### [EXERCISE OBJECTIVE]
Copy, exactly as written, the lines that begin at the one containing "地震發生怎麼辦 保命3步驟「趴下、掩護、穩住」最重要影像" and end at the one containing "图片[4]|Banacado咖啡馆|ART-Arrakis | 建筑室内设计的创新与灵感". Skip any pictures in the data below.

### [SUPPLIED DATA]
-- Opening Marker --

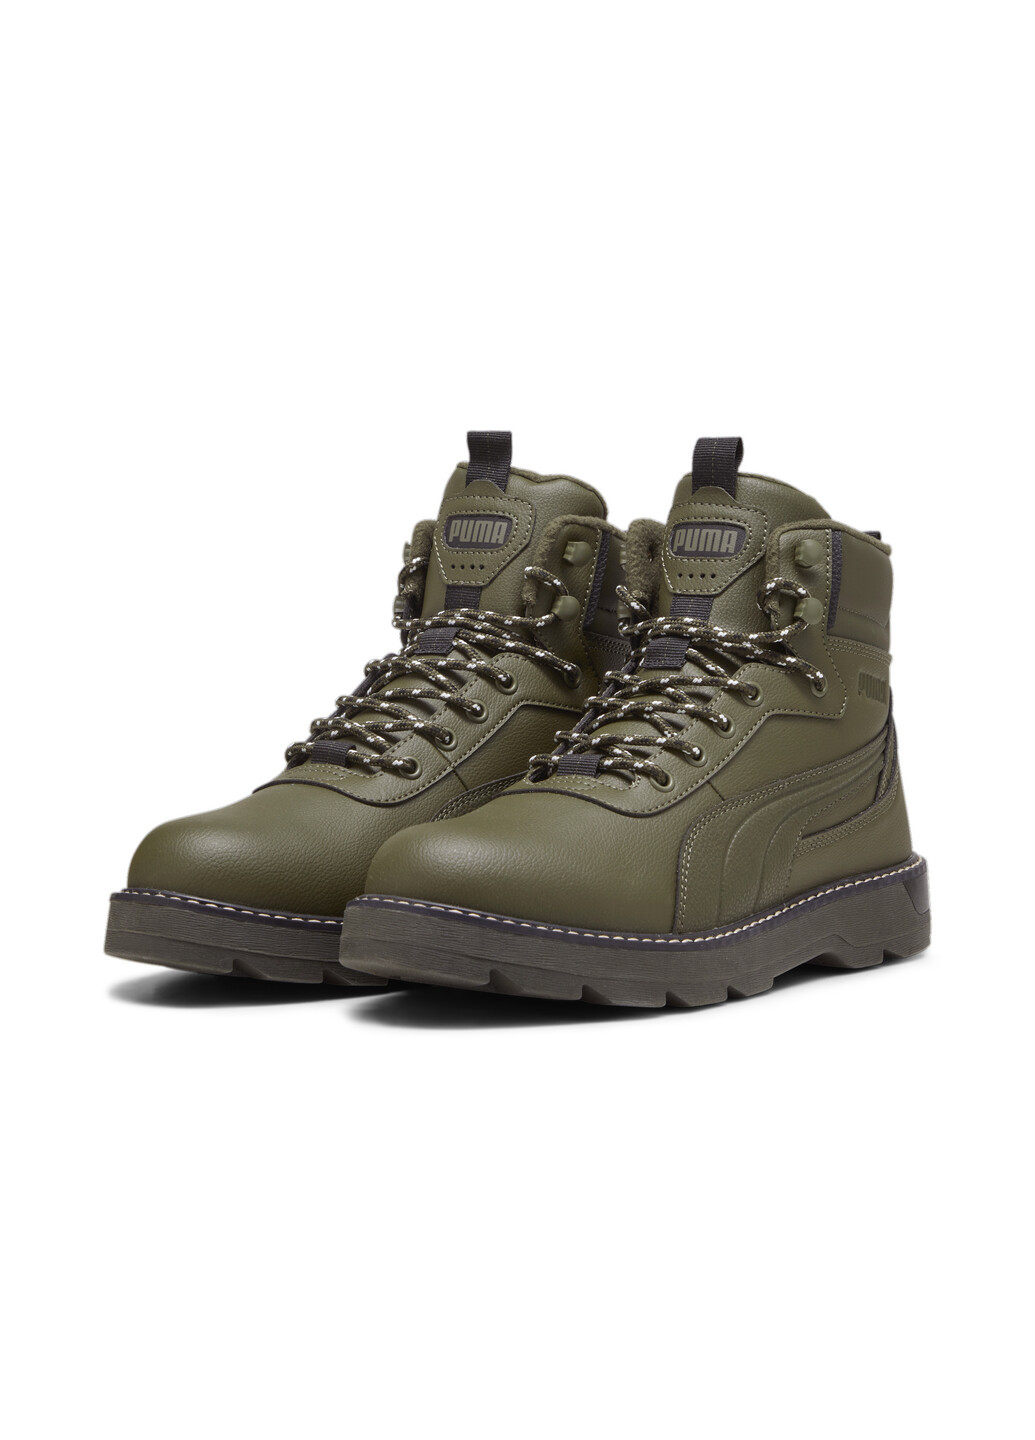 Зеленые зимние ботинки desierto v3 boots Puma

-- Closing Marker --
-- Opening Marker --

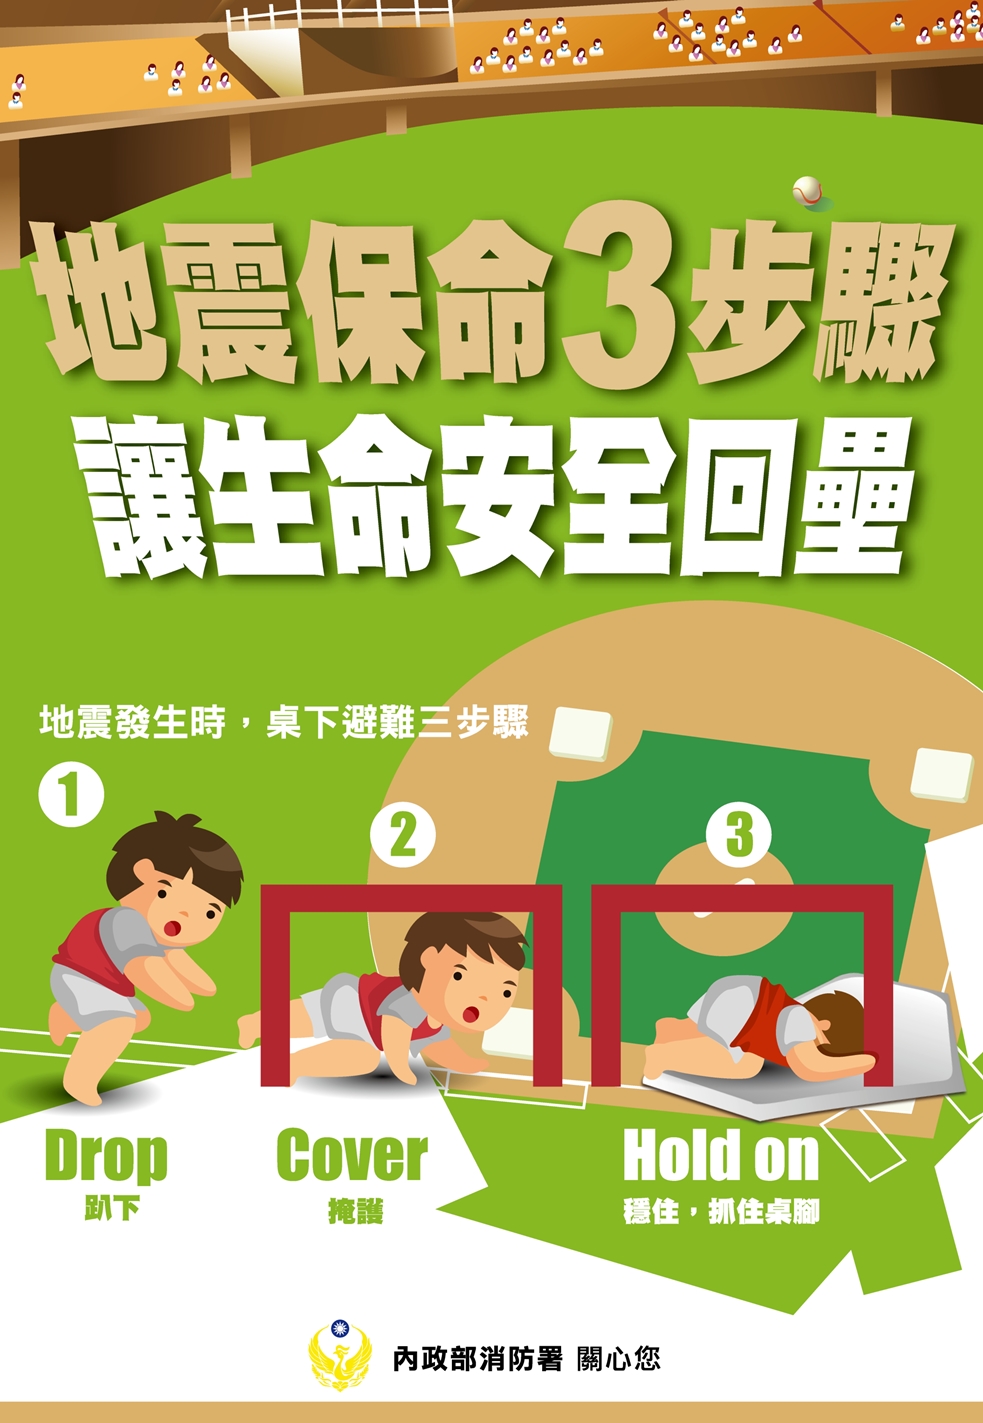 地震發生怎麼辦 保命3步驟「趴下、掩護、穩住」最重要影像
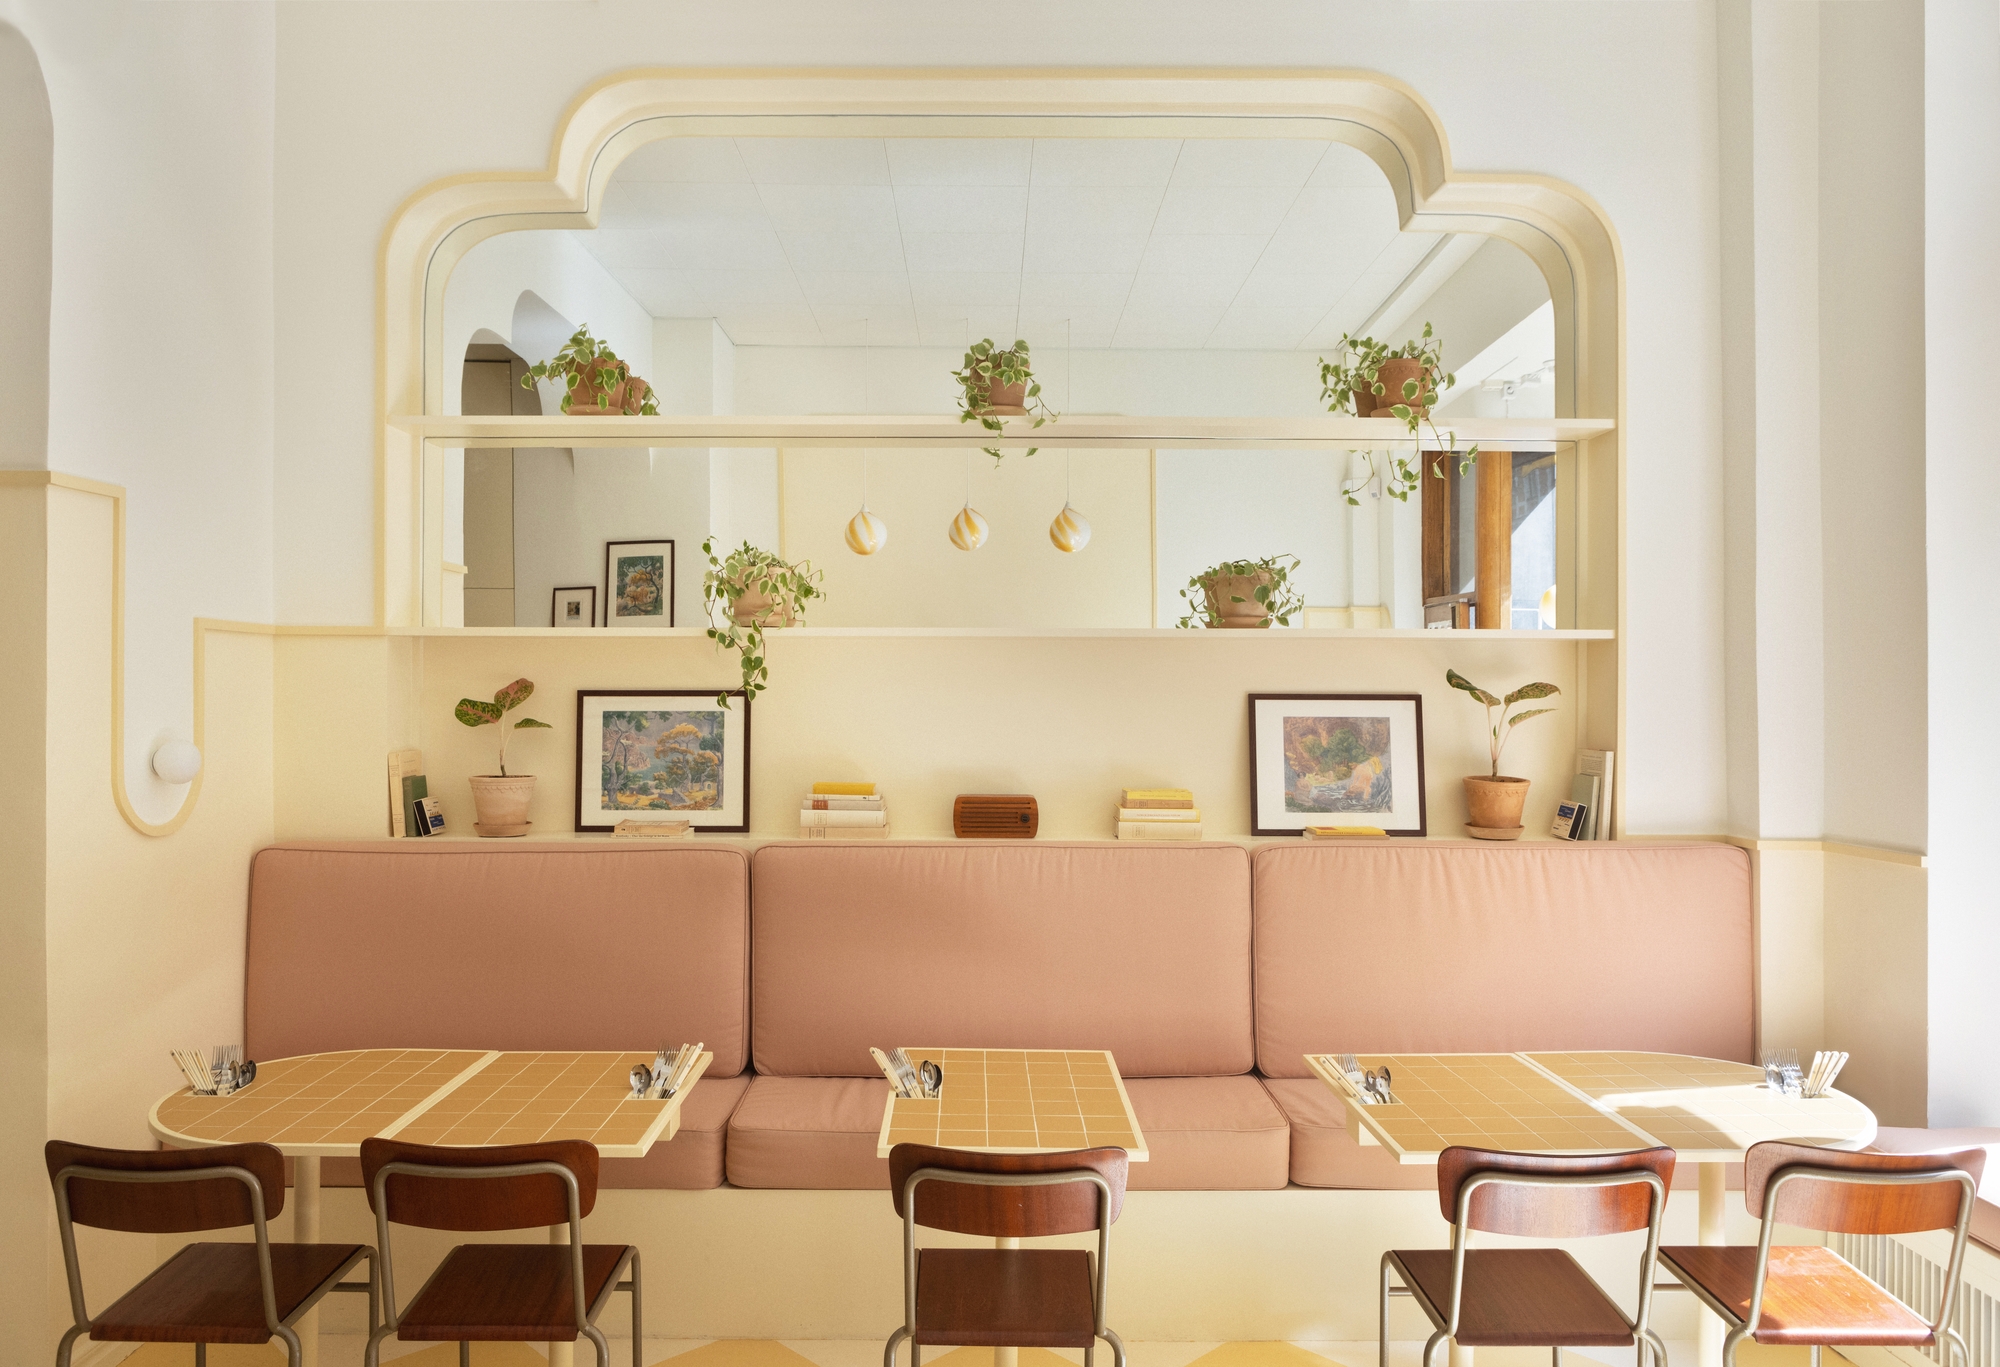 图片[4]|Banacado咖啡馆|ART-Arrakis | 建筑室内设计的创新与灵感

-- Closing Marker --
-- Opening Marker --

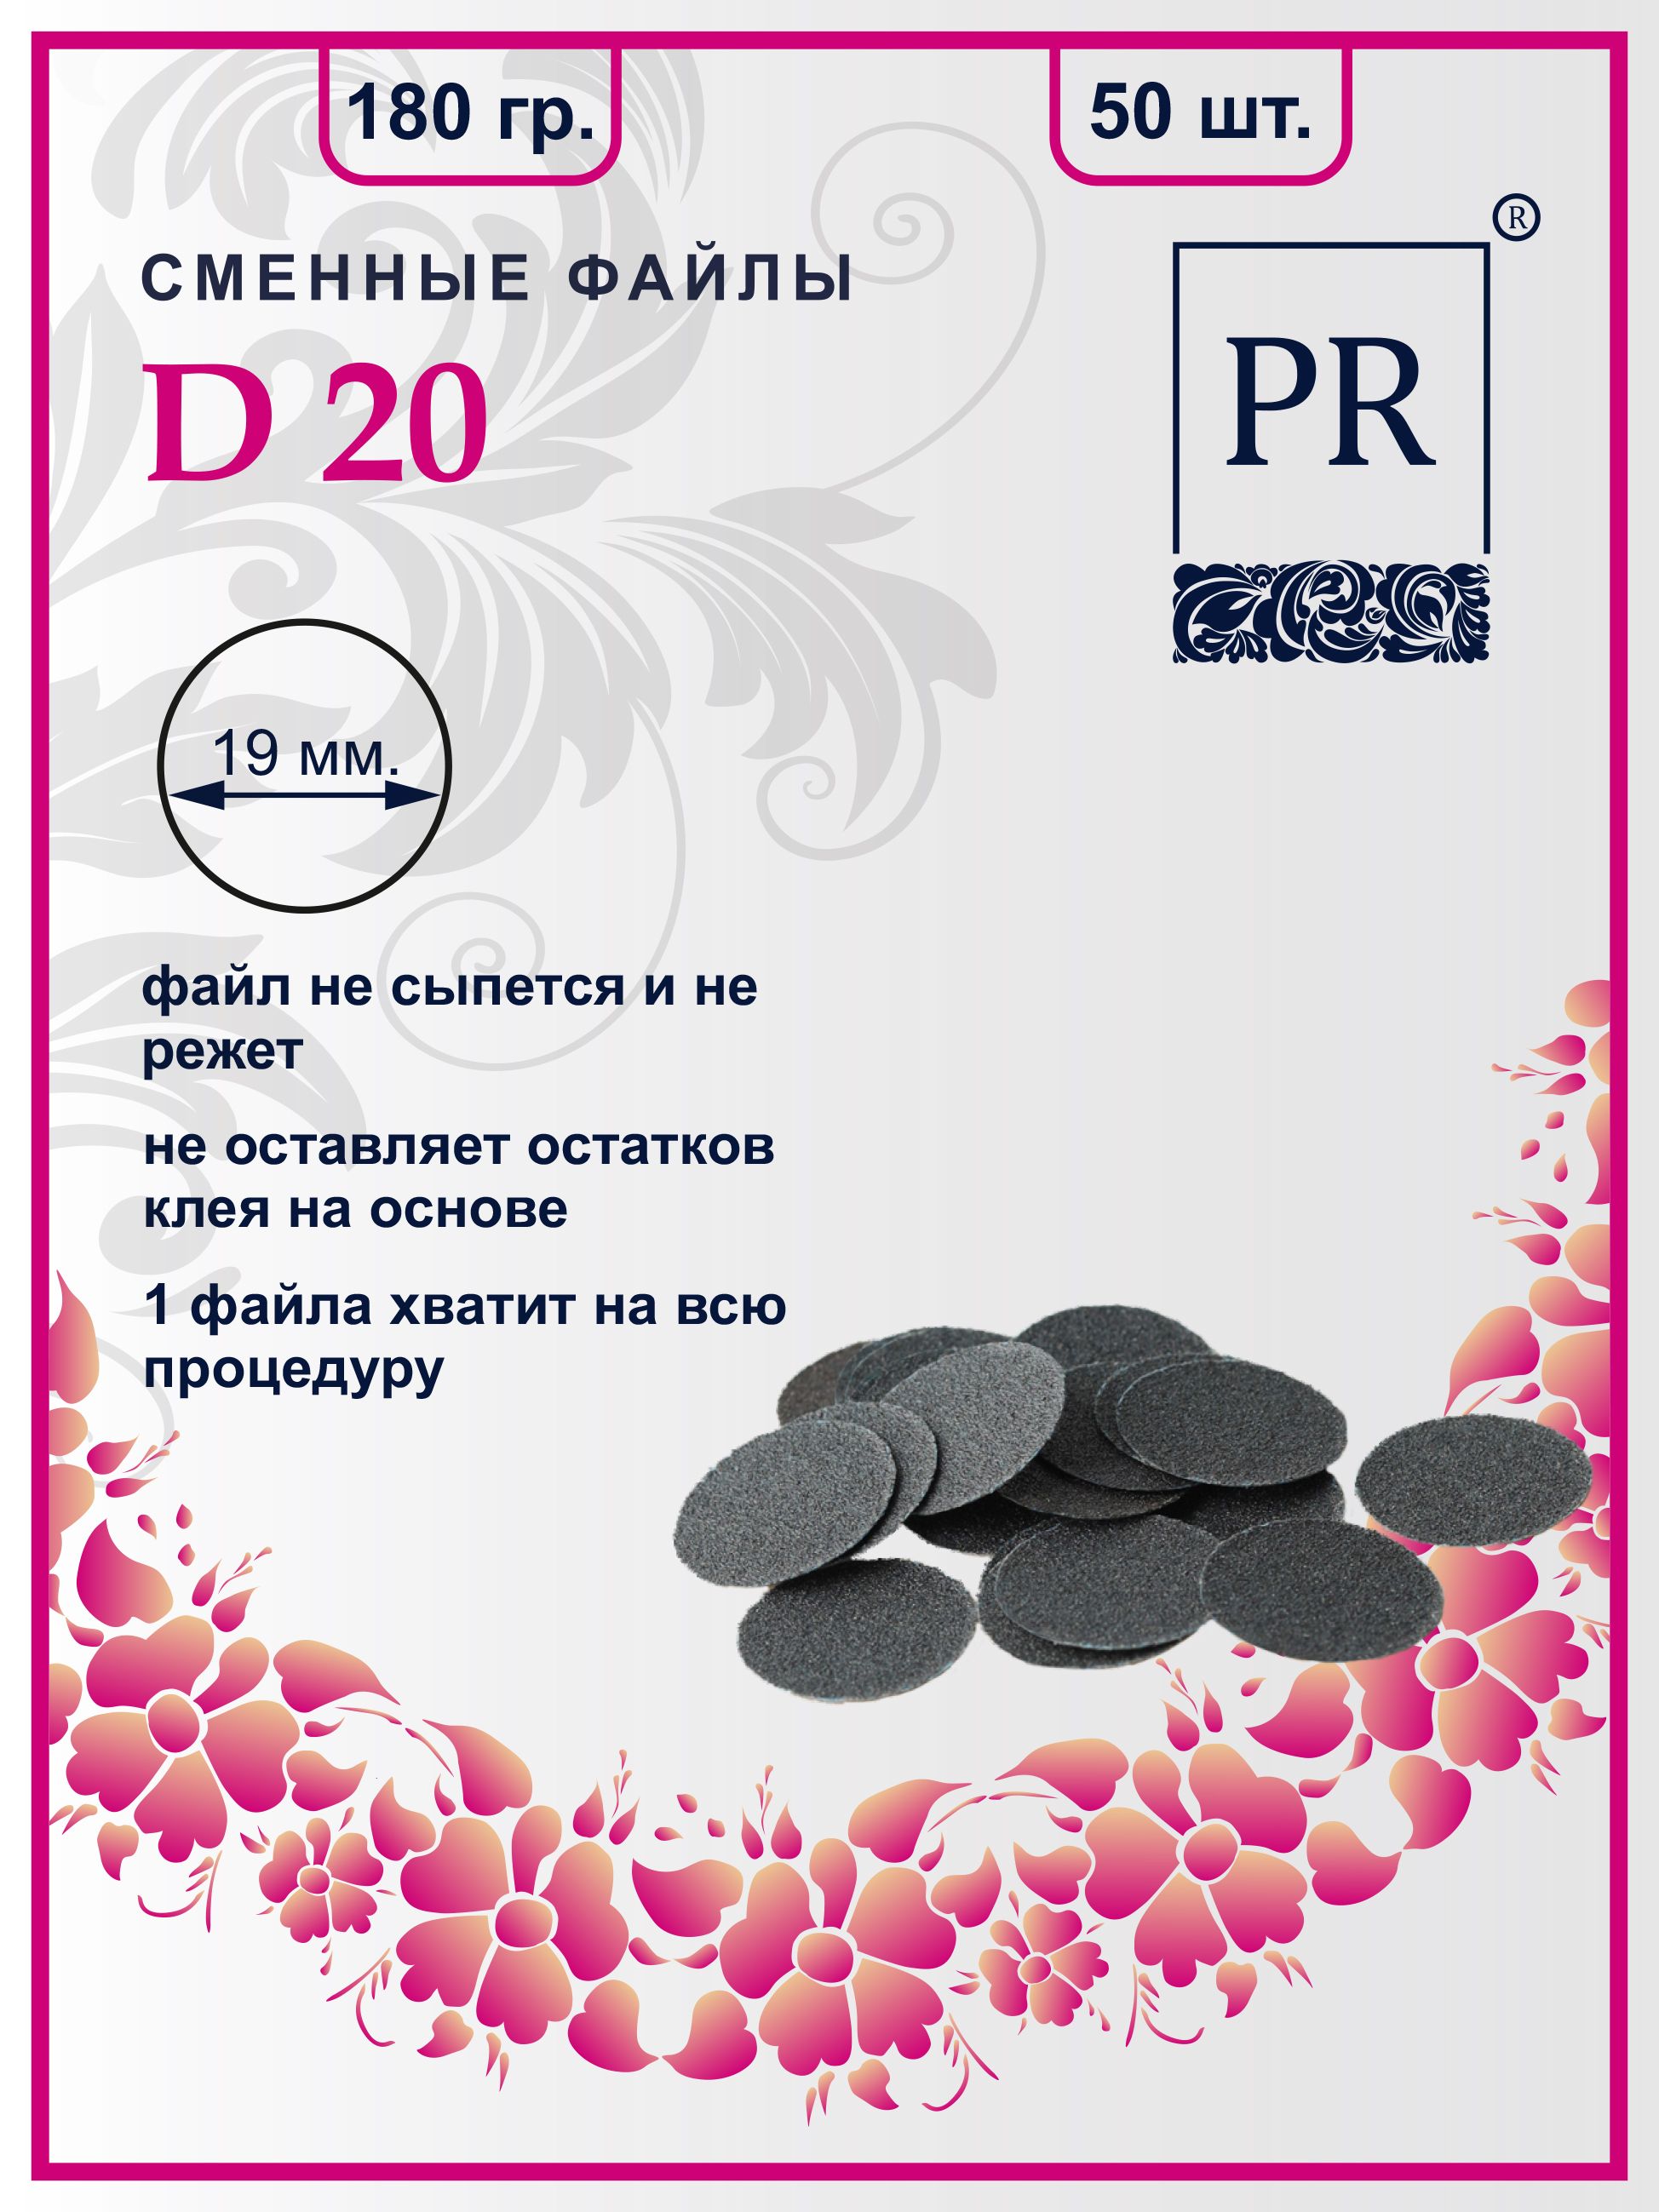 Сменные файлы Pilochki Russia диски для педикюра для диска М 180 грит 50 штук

-- Closing Marker --

### [COMPLETED EXERCISE]
 地震發生怎麼辦 保命3步驟「趴下、掩護、穩住」最重要影像
 图片[4]|Banacado咖啡馆|ART-Arrakis | 建筑室内设计的创新与灵感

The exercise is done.